G.P.8 Expression analysis of α-dystroglycan glycosyltransferases in distinct murine muscular dystrophies models

Abstract

Dystroglycanopathies are genetic muscular dystrophies caused by defects in the glycosylation of α-dystroglycan (DG), an important component of the dystrophin-associated glycoprotein complex (DAG).
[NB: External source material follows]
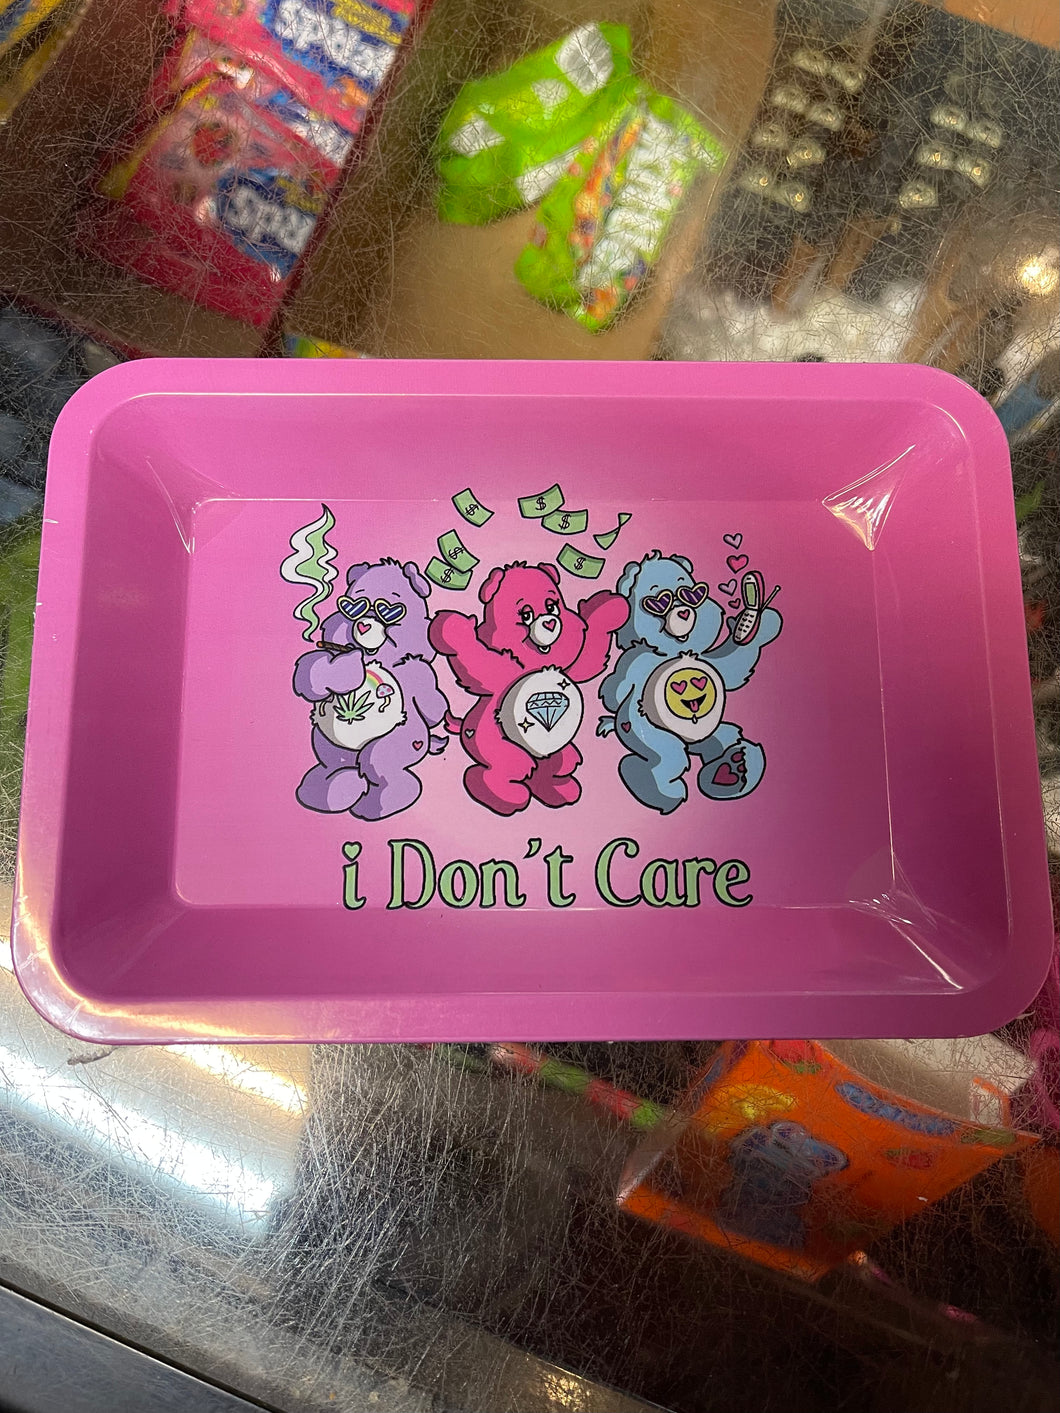 I don’t care tray

There are at least six proven or putative glycosyltransferases enzymes, related to muscle diseases, which play a role in O-mannosyl-linked glycosylation of α-DG. In order to address the roles of α-dystroglycan glycosylation in distinct pathways of muscle degeneration and during muscle development we investigated the relative expression of four of them: POMT1, POMGnT1, LARGE and FKRP, in the gastrocnemius muscle from four mouse models for muscular dystrophies: Dmdmdx, Lama2dy2J/J, Largemyd, SJL/J, as compared to normal C57Black6 lineage. The study was done through real time PCR quantification, in three different ages: new born, 3 and 6months of age. In normal mice, a decreased expression with the age was observed for all genes, mainly for Fkrp and Large. In dystrophic lineages, we observed a large variation in the expression of the four glycosylation genes, as compared to normal age-matched mice. In new born, these differences were more significant and an upregulation was observed in Dmdmdx and Largemyd strains, while a downregulation, was detected in Lama2dy2J/J and SJL/J strains. In adult animals, the pattern was more close to normal mice of the same age. Our results suggest that an increase in α-dystroglycan glycosylation occurs during muscle development, and possibly also during the process of muscle regeneration. However, this process is variable in the diverse dystrophic strains. Financial support: FAPESP-CEPID, CNPq-INCT, FINEP, ABDIM.